入门第一百三十天。
月圆。
沈渡舟坐在院子里,看着天上的月亮。月亮很圆,很亮,照得整个青云峰像镀了一层银。
师尊从屋里走出来,在他旁边坐下。
“还不睡?”
“睡不着。”
“在想什么?”
沈渡舟想了想,说:“在想月圆之夜。”
陆衡之的手指微微顿了一下。
“为什么想这个?”
“因为原著里说,第三年的月圆之夜,你会废我修为。”
陆衡之沉默了。
沉默了很久。
“你信吗?”
沈渡舟看着师尊的眼睛,那双灰色的眼瞳里,没有心虚,没有躲闪,只有一种很深的、很沉的东西。
“以前信。现在不信了。”
“为什么?”
“因为你对我太好了。一个对我这么好的人,不会害我。
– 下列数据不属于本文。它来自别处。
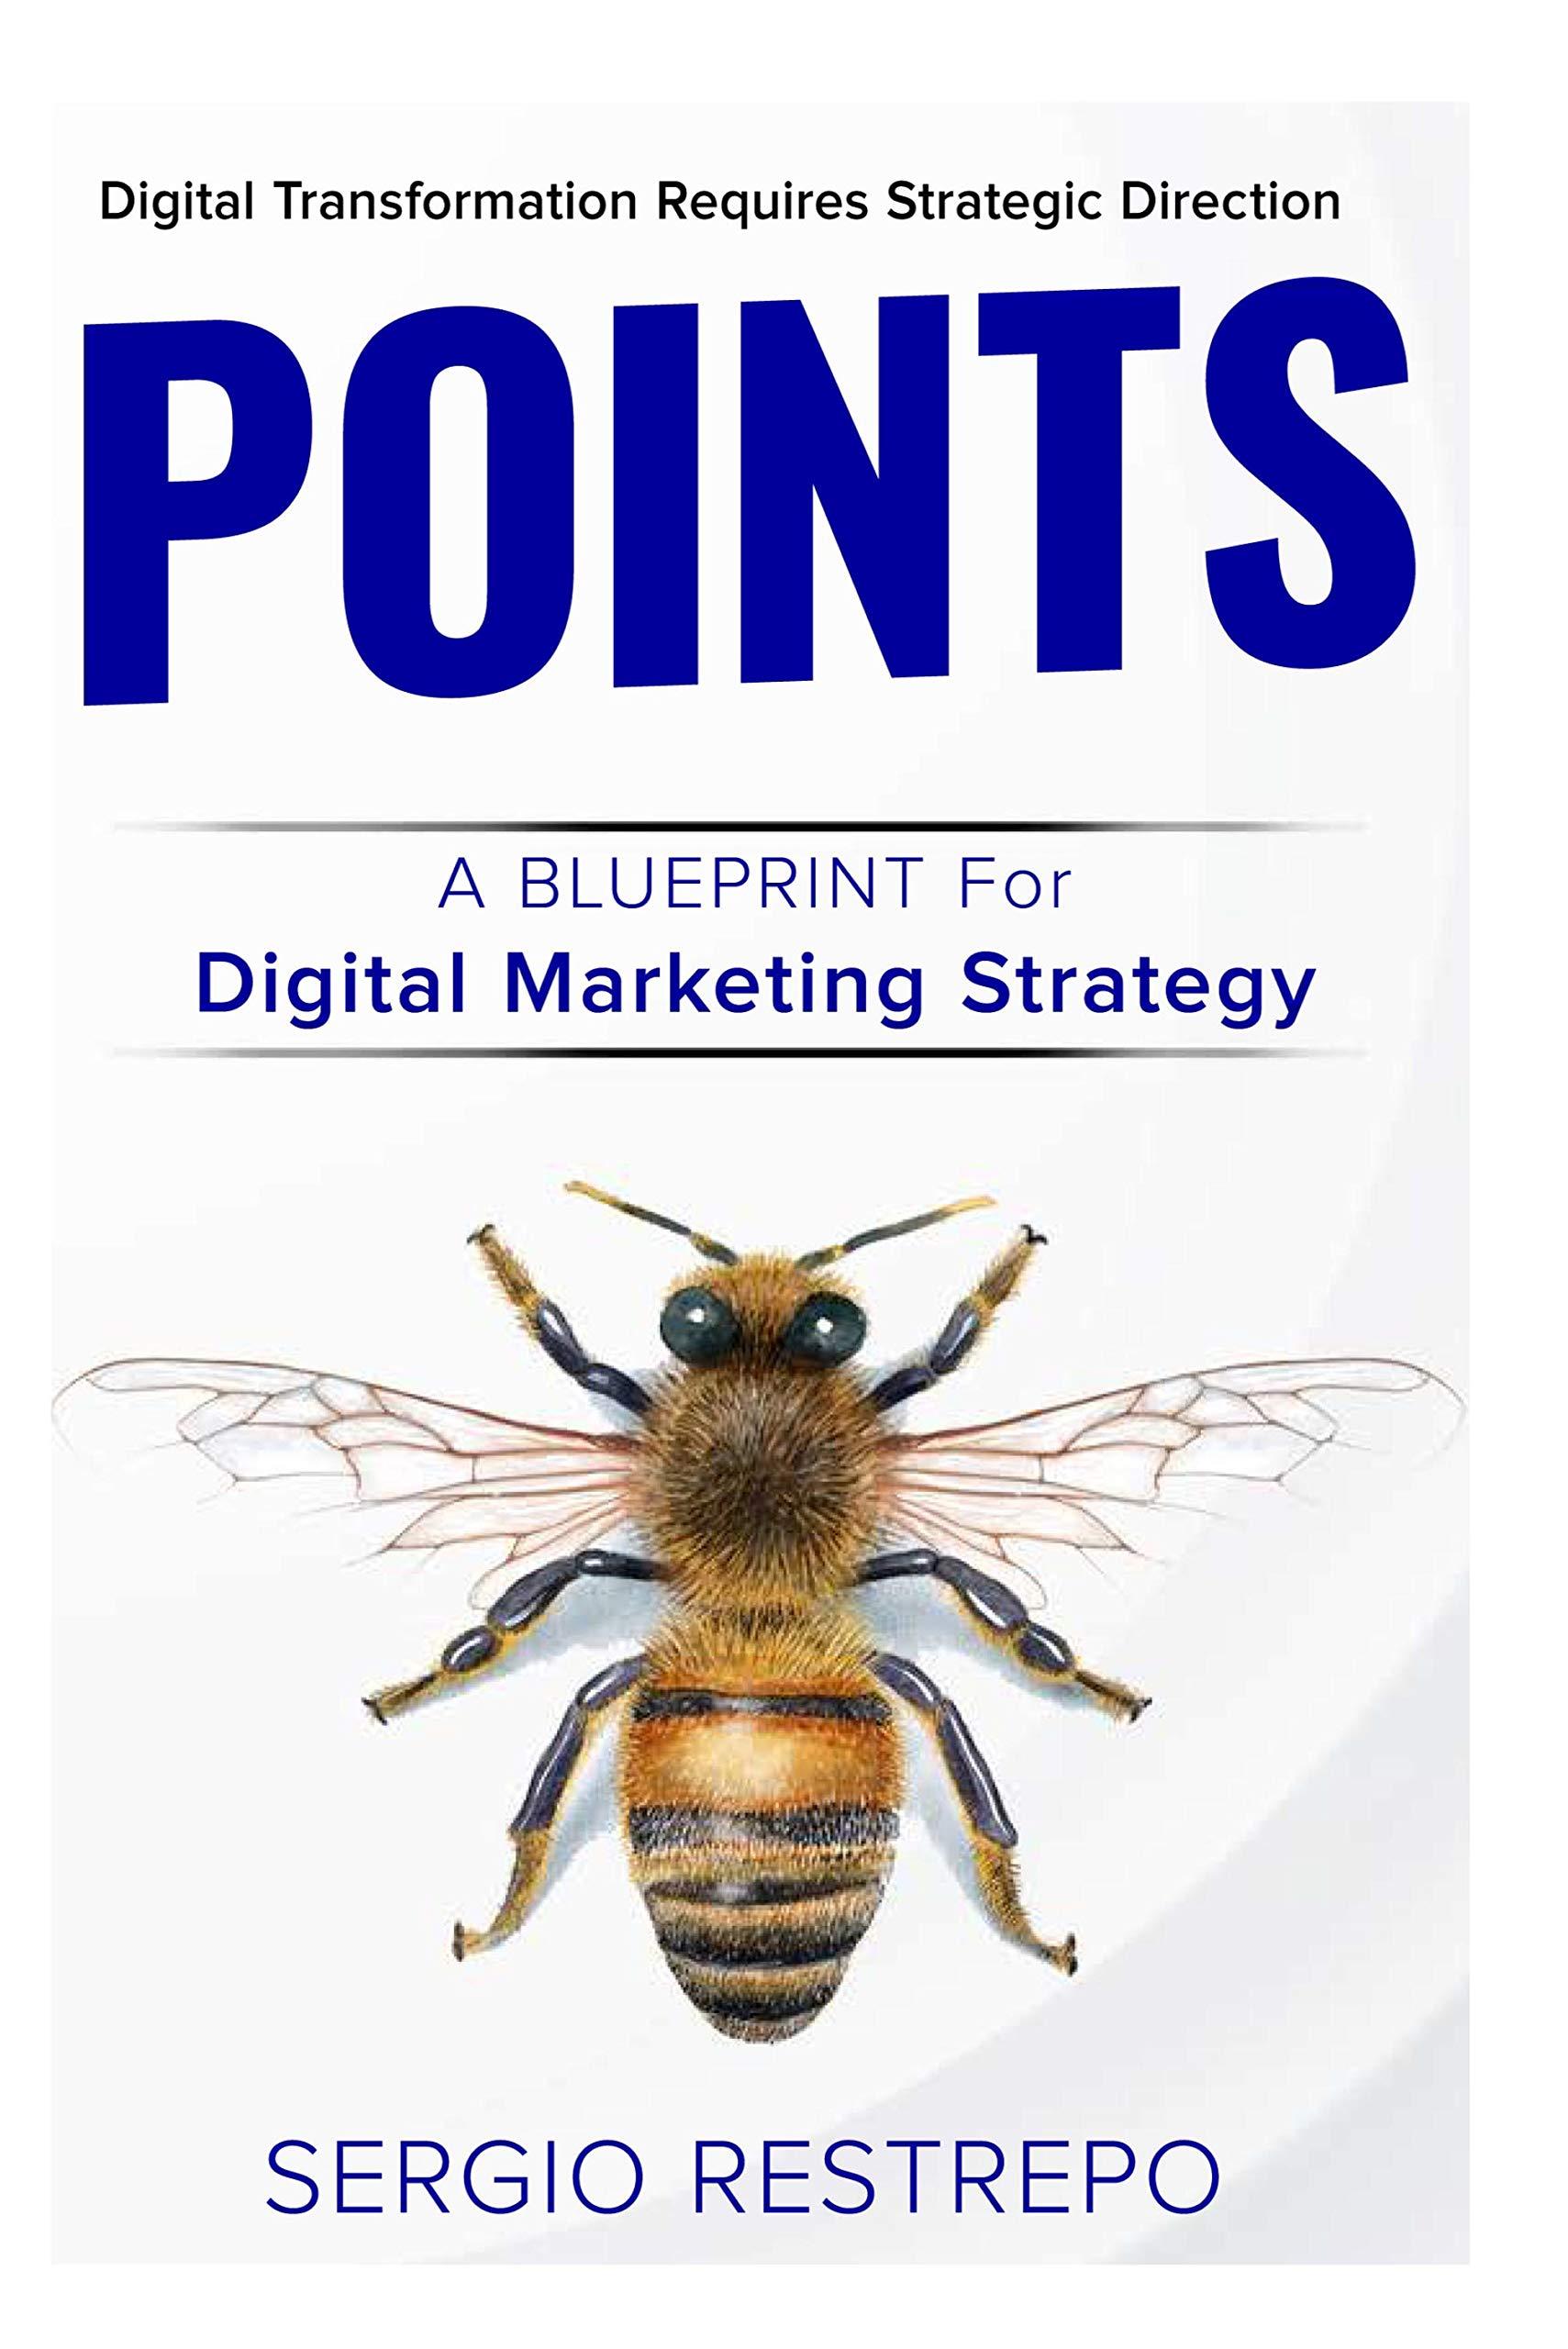 POINTS Methodology: A BLUEPRINT For Digital Marketing Strategy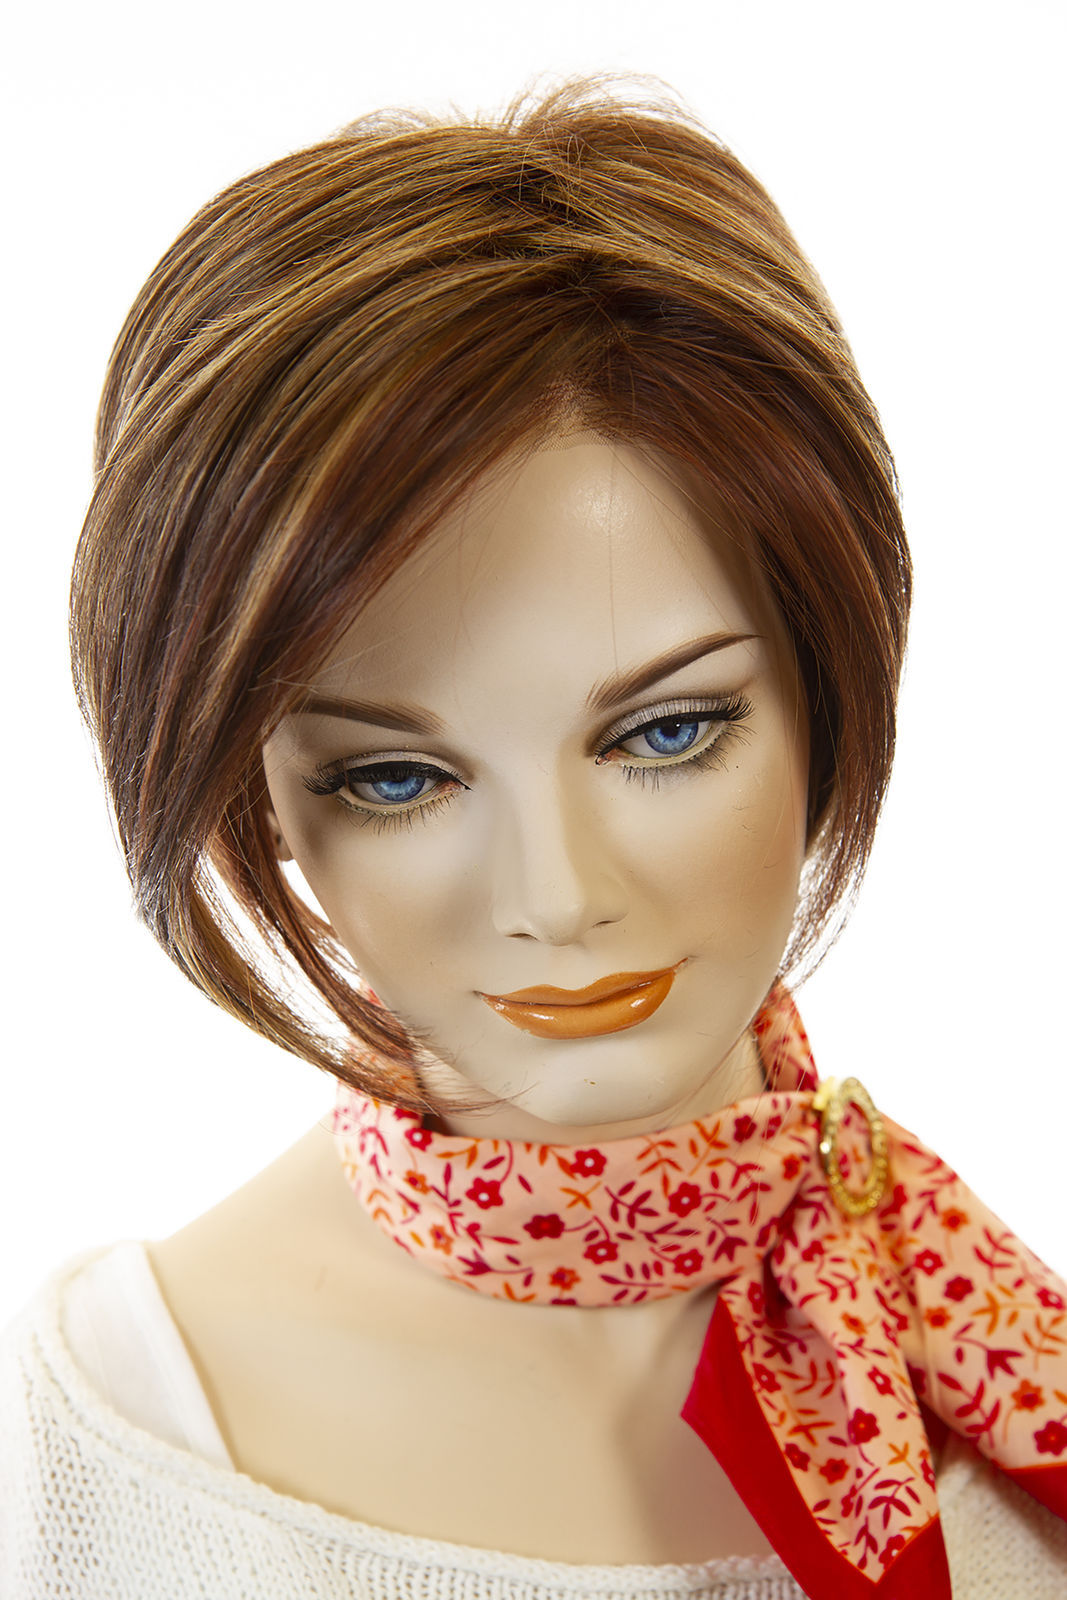 Ignite 32F Medium Short Lace Front Heat Friendly Jon Renau Wavy Curly Wigs - $177.72

”
陆衡之看着他,灰色的眼瞳里有什么东西在闪动。
“渡舟。”
“嗯?”
“第三年的月圆之夜,我不会废你修为。”
“那你会做什么?”
陆衡之没有回答。
他看着月亮,沉默了很久。
“你会知道的。”
沈渡舟看着师尊的侧脸,忽然有一个想法——也许,“废修为”不是字面意思。也许,那是师尊的“情劫”。也许,师尊说的“你会知道的”,是在告诉他:等那一天到了,你就明白了。
“师尊。”
“嗯。”
“如果那天到了,你不会害我,对吗?”
“不会。”
“那我不跑了。”
“你说过了。”
“这次是真的。”
陆衡之转头看着他,灰色的眼瞳里有一丝笑意。
“我信你。”
沈渡舟笑了。
他靠在师尊的肩膀上,看着月亮。
“师尊,月亮真圆。”
“嗯。”
“以后每个月圆之夜,我们都一起看月亮,好不好?”
陆衡之沉默了一会儿。
“好。”
月光洒在两人身上,把他们的影子拉得很长很长。
小粉趴在旁边,打着呼噜。
远处的苍梧派,灯火通明。云归在写第三封信,白九儿在数星星,裴素商在喝酒,苏幕遮在醉仙楼唱歌,厉无极在给寒冰草浇水。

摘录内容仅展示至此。